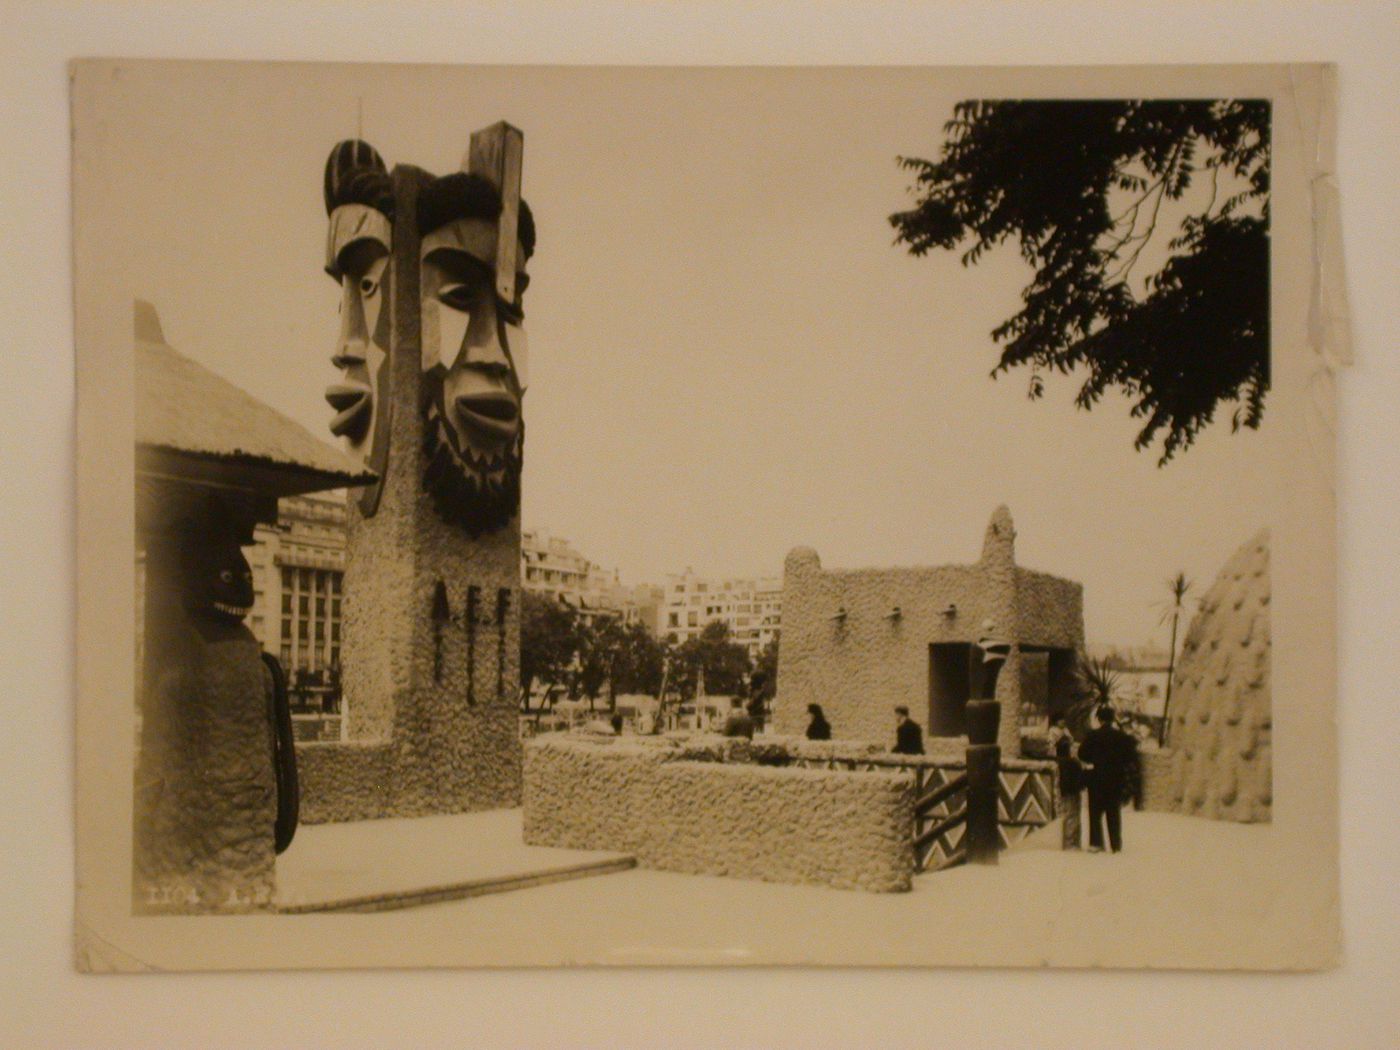 View of the A.E.F.'s pavilion, 1937 Exposition internationale, Paris, France
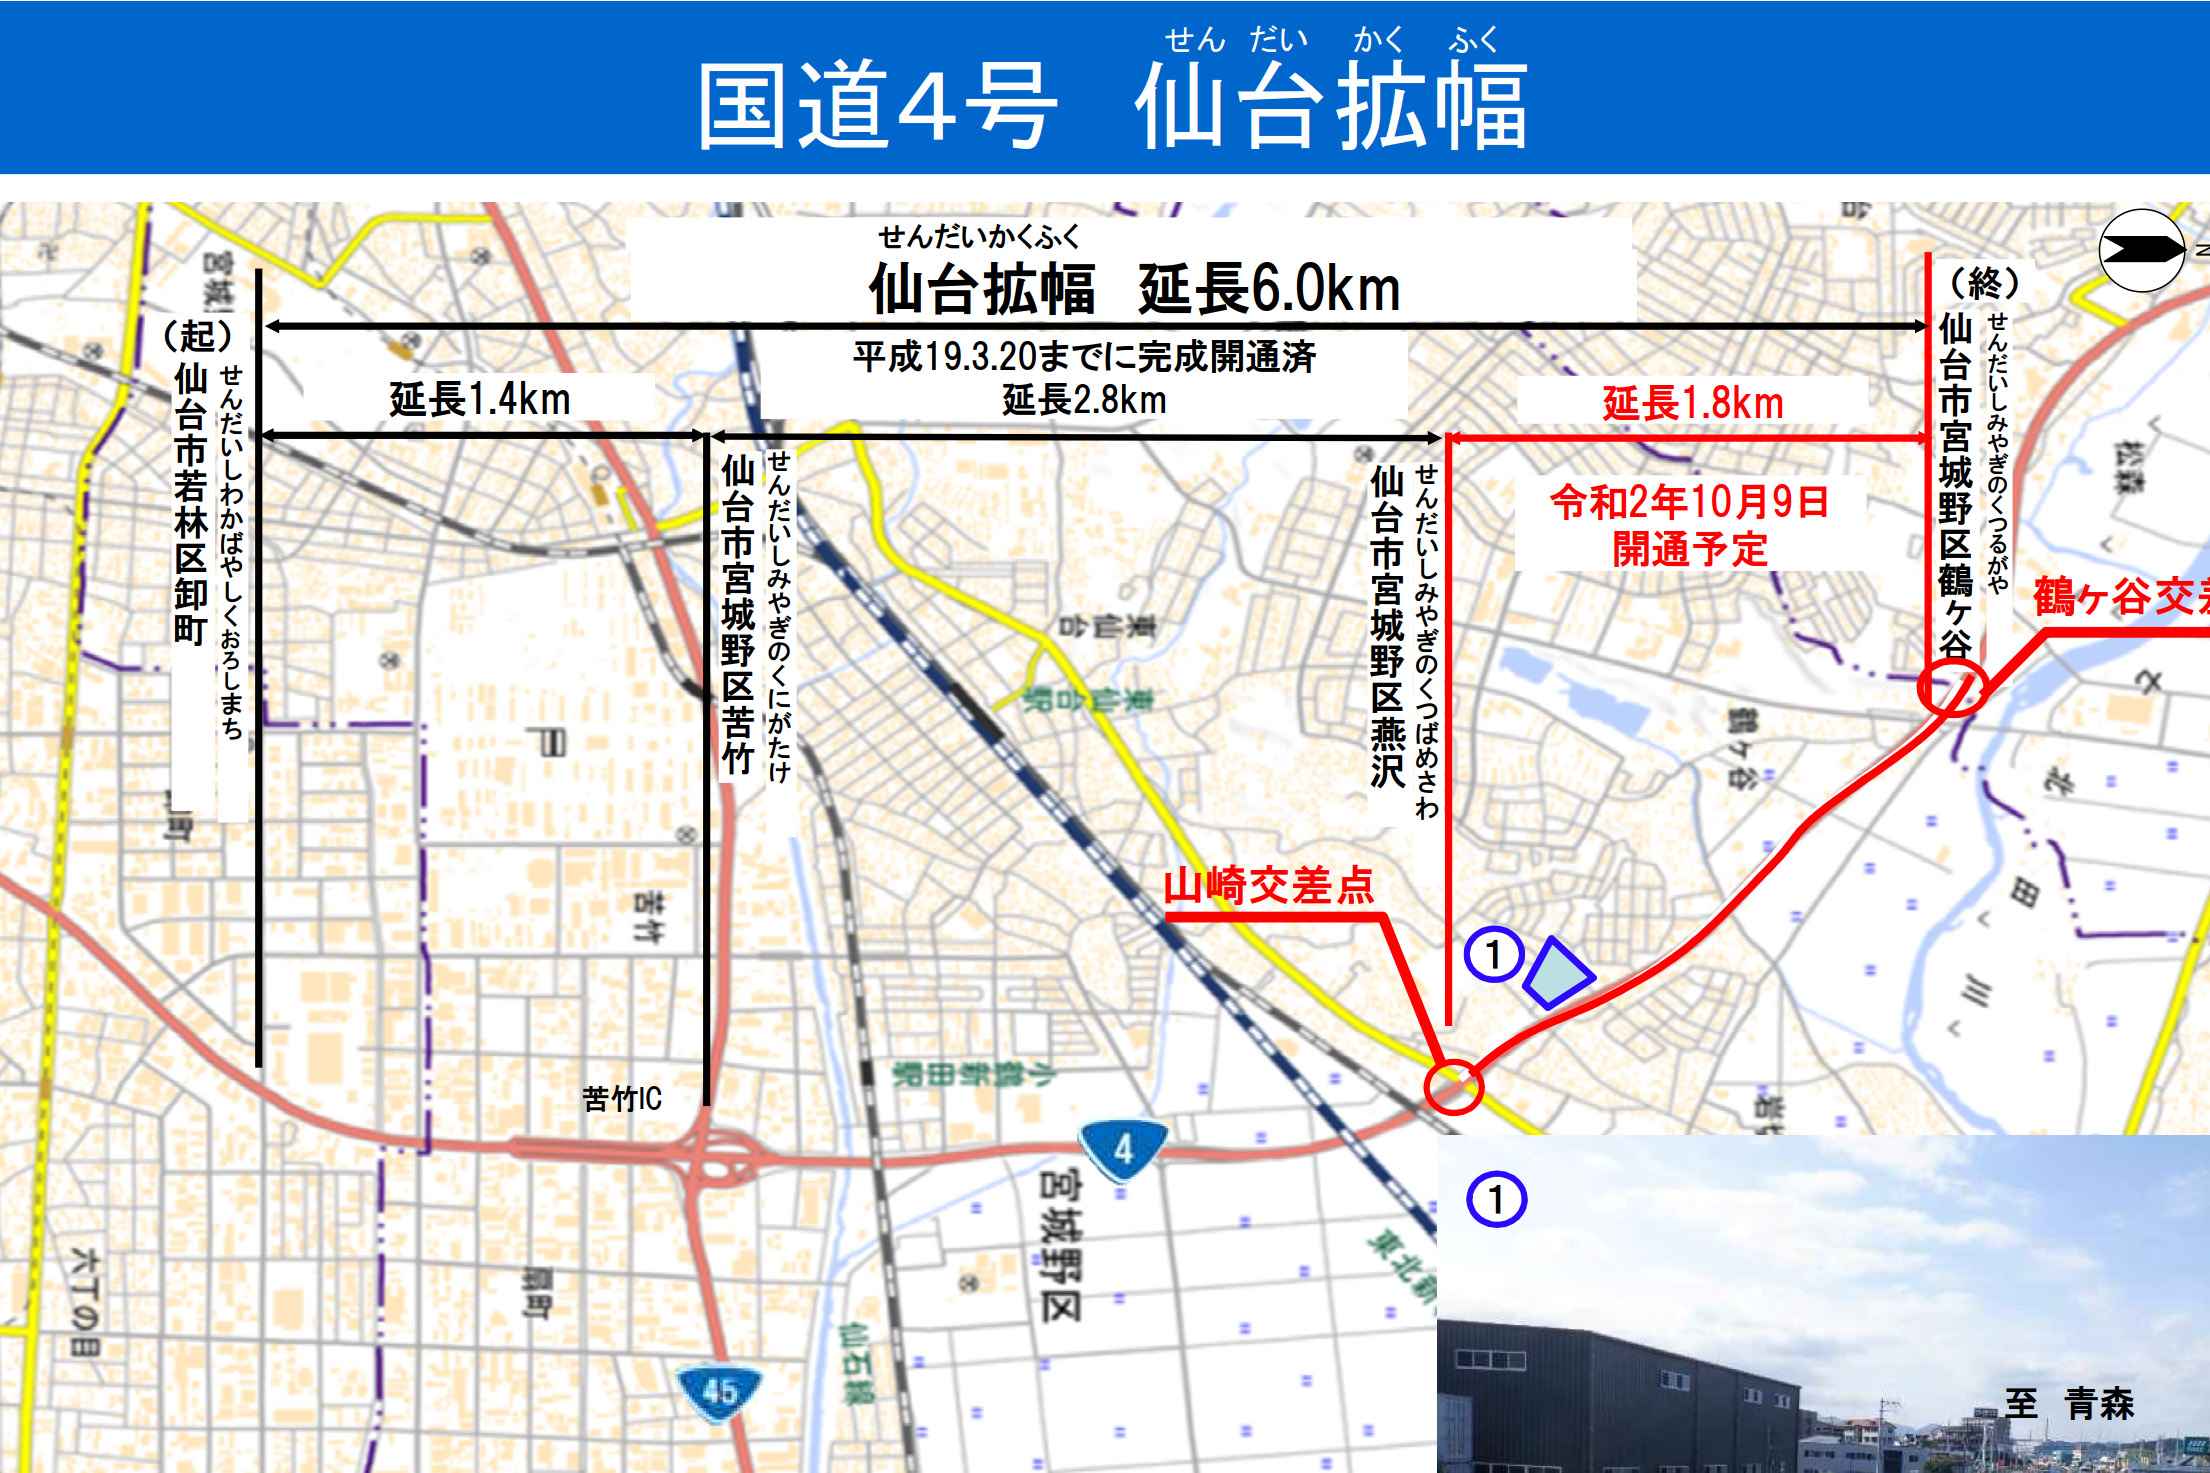 国道4号 仙台バイパスの1.8kmが10月9日に6車線化。残り区間の立体化も今年度着手
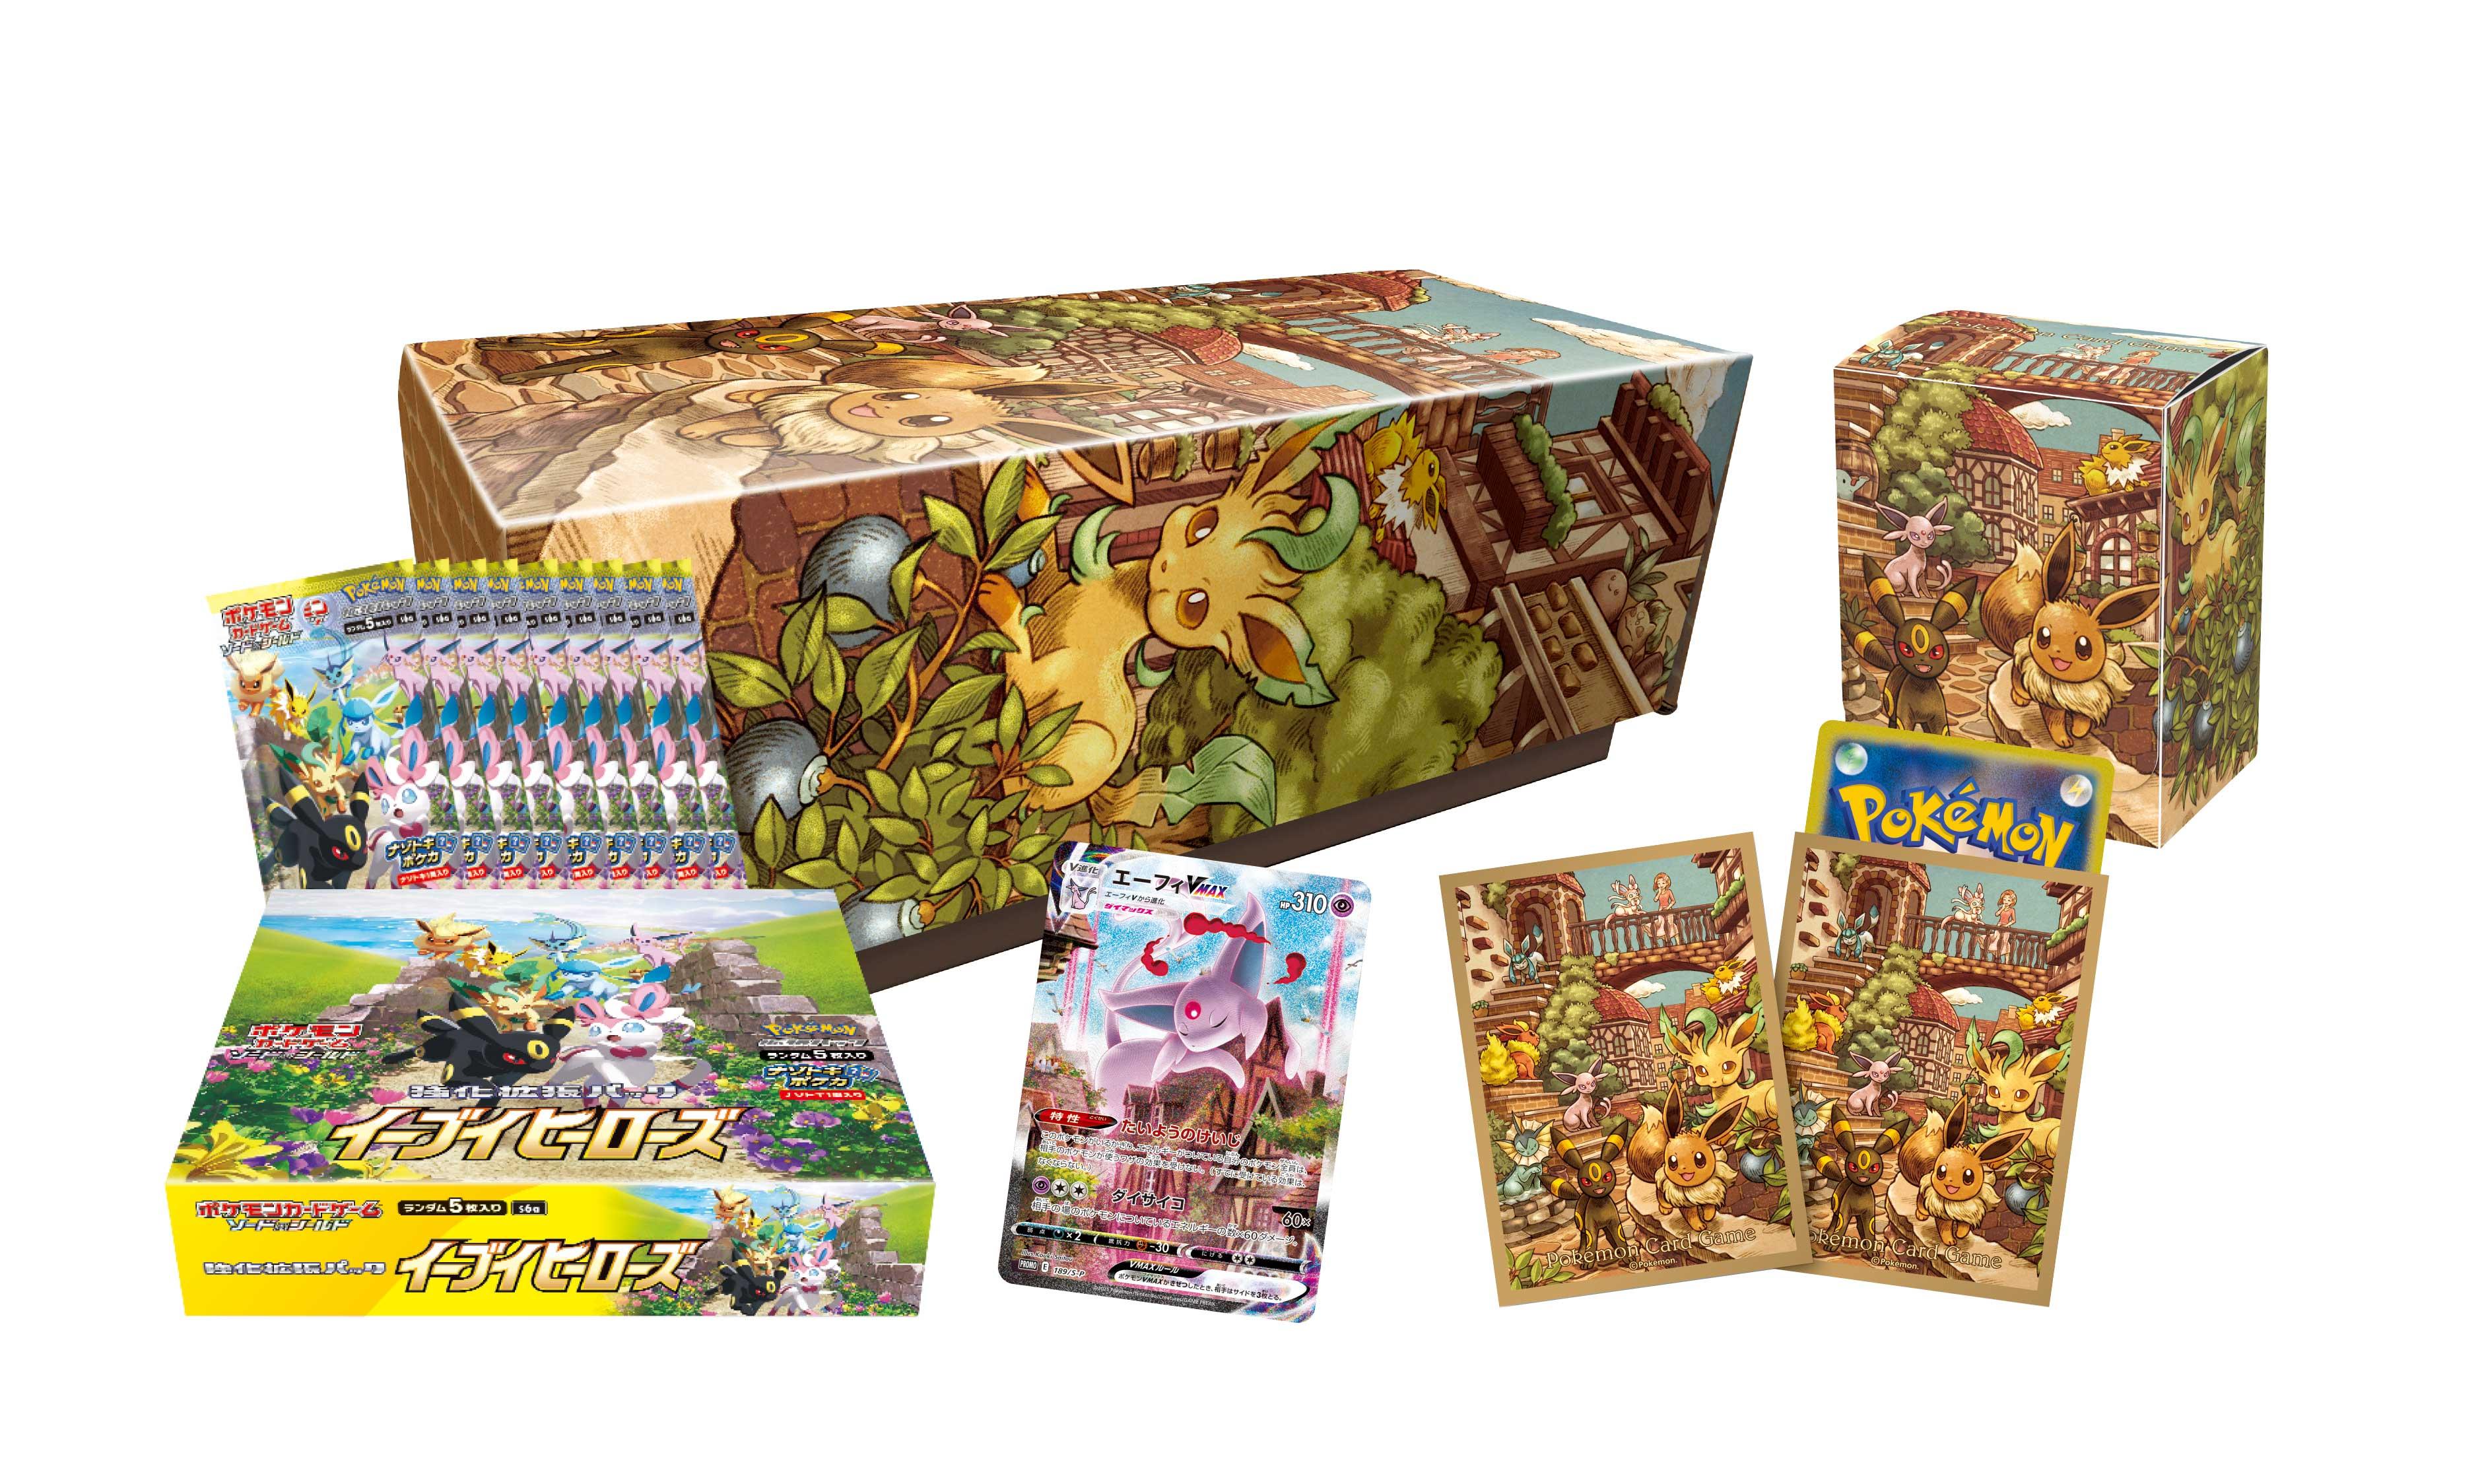 ポケモンカードゲーム 強化拡張パック イーブイヒーローズ BOX 3 Box 3lNAUWG48k, トレーディングカード - www
= = = = =
Leave the pictures out, and reproduce only the lines from the line holding "国道4号 仙台バイパスの1." through the last line of the material, both included.

 国道4号 仙台バイパスの1.8kmが10月9日に6車線化。残り区間の立体化も今年度着手
 ポケモンカードゲーム 強化拡張パック イーブイヒーローズ BOX 3 Box 3lNAUWG48k, トレーディングカード - www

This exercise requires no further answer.